# Puffing on a Cain F Straight Ligero :D



## GTCharged (Nov 3, 2008)

Not so much an image, but a video of me smoking.
I figured you guys would like to put a face to my username.
If there's a "cigar video" subsection, sorry in advance.

YouTube - Puffing On a Cigar: Cain F Straight Ligero


----------



## GTCharged (Nov 3, 2008)

I'm surprised, 70 views and not one comment? LOL.


----------



## thebayratt (Jun 4, 2009)

How did you like it??

I had one a few weeks ago and it was pretty bitter IMO... didn't care too much for it.


----------



## marked (Jul 29, 2010)

Cool...just saw this! I've always like nicetightash.com because they do video reviews and you get a more "in the moment" impression of what they thought. Looks like the quality of the video was pretty good. I think maybe people didn't say anything because you were saying it was just a test to see how it worked. Nothing to really comment on other than the fact that it worked. lol 

Oh....and the Cain.... I've only ever had one Cain in my life, and I wasn't super impressed. I probably need to try some more since I was a newbie at the time (actually still am, but with a bit more experience) and my tastes may have changed.


----------



## thebayratt (Jun 4, 2009)

marked said:


> Cool...just saw this! I've always like nicetightash.com because they do video reviews and you get a more "in the moment" impression of what they thought. Looks like the quality of the video was pretty good. I think maybe people didn't say anything because you were saying it was just a test to see how it worked. Nothing to really comment on other than the fact that it worked. lol
> 
> Oh....and the Cain.... I've only ever had one Cain in my life, and I wasn't super impressed. I probably need to try some more since I was a newbie at the time (actually still am, but with a bit more experience) and my tastes may have changed.
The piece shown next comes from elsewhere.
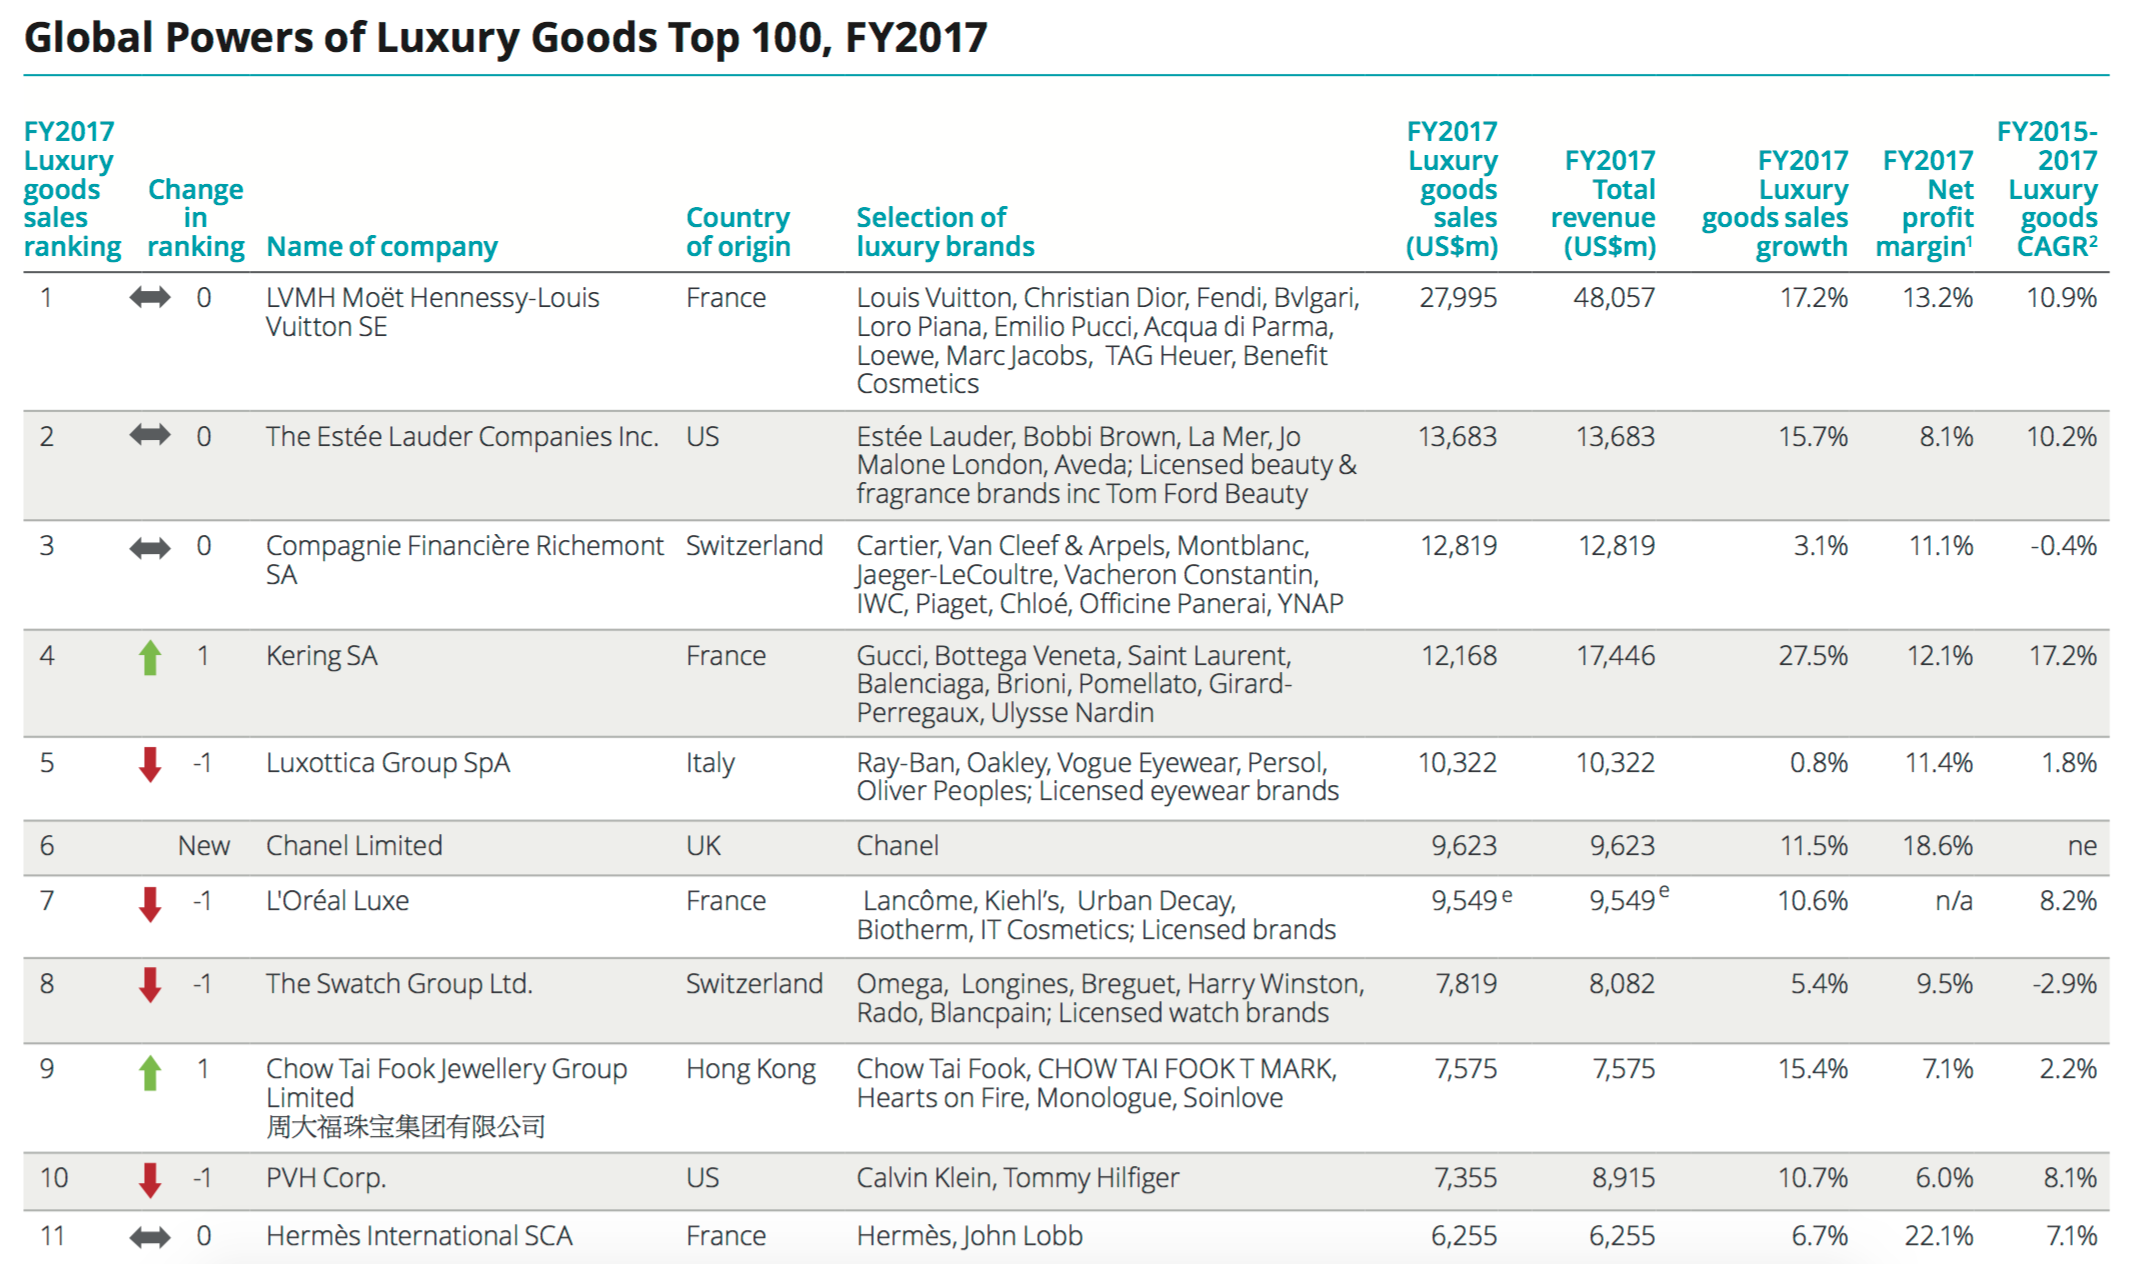 Thailand Luxury Goods Companies - Top Company List
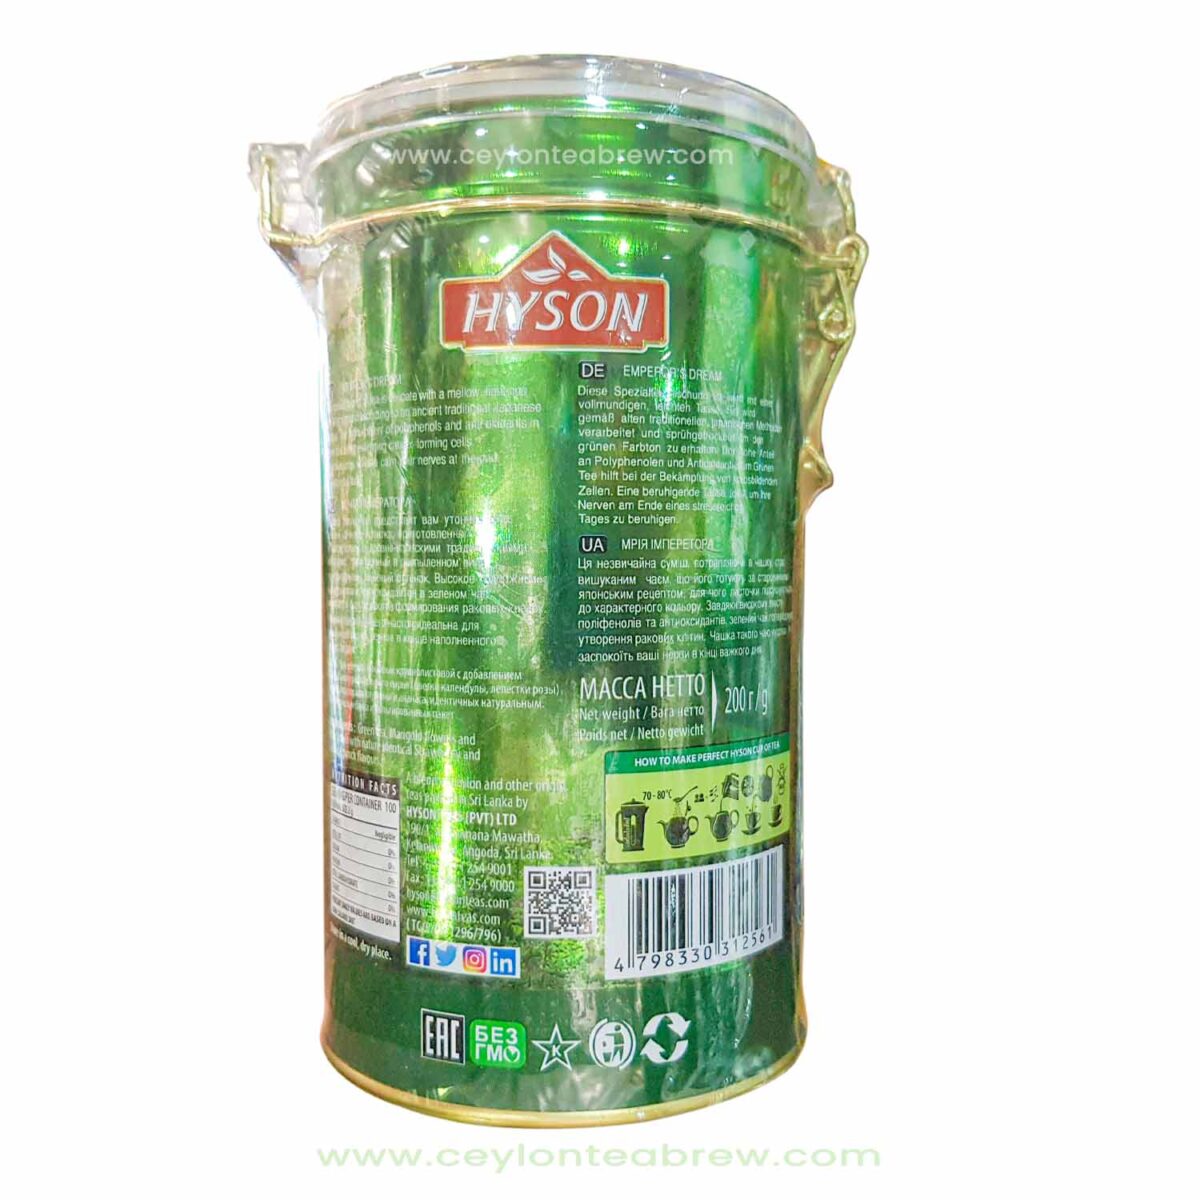 Hyson Ceylon Pure green leaf tea 3

Ben from NTA is a personal friend of mine. Some of the IPCPR videos was filmed by me. We smoke once or twice a week. Great guy.

*Keep up the video reviews Josh!* The camera seemed to catch the smoke well. I would like to do some video reviews myself, but sometimes flavors take me a bit to figure out and _I think I'd look pretty dumb mumbling to myself!_


----------



## GTCharged (Nov 3, 2008)

thebayratt said:


> Ben from NTA is a personal friend of mine. Some of the IPCPR videos was filmed by me. We smoke once or twice a week. Great guy.
> 
> *Keep up the video reviews Josh!* The camera seemed to catch the smoke well. I would like to do some video reviews myself, but sometimes flavors take me a bit to figure out and _I think I'd look pretty dumb mumbling to myself!_


Yeah, not really a review, but I think I could do reviews pretty well on video, but I haven't tried as of yet.
It's actually easier to talk about a cigar than write about one, at least for me, so it may work.
I'll try a video review tomorrow, on a Cain Nub 464T Maduro, and see how it goes.
Also, if you saw the video previous to the smoking video, with me driving, youtube marked it as HD, and it's the same camera... :???:


----------



## zeavran1 (Aug 18, 2009)

Love the Cains!


----------



## GTCharged (Nov 3, 2008)

zeavran1 said:


> Love the Cains!


I do too now. 
Only reason I tried one is because he offered me it when I met him 
By him, I mean Sam... :smoke:


----------



## Russell Pta (Jun 28, 2010)

i left ya a comment. russellallen1


----------



## Wigwam_Motel (Oct 25, 2009)

I still have yet to push myself to try a cain; the V's have a decent kick already. Idk


----------



## veteranvmb (Aug 6, 2009)

Thanks for the video. I notice the water sprinkler on the ceiling behind you. I was awaiting your unexpected shower. LOL

J


----------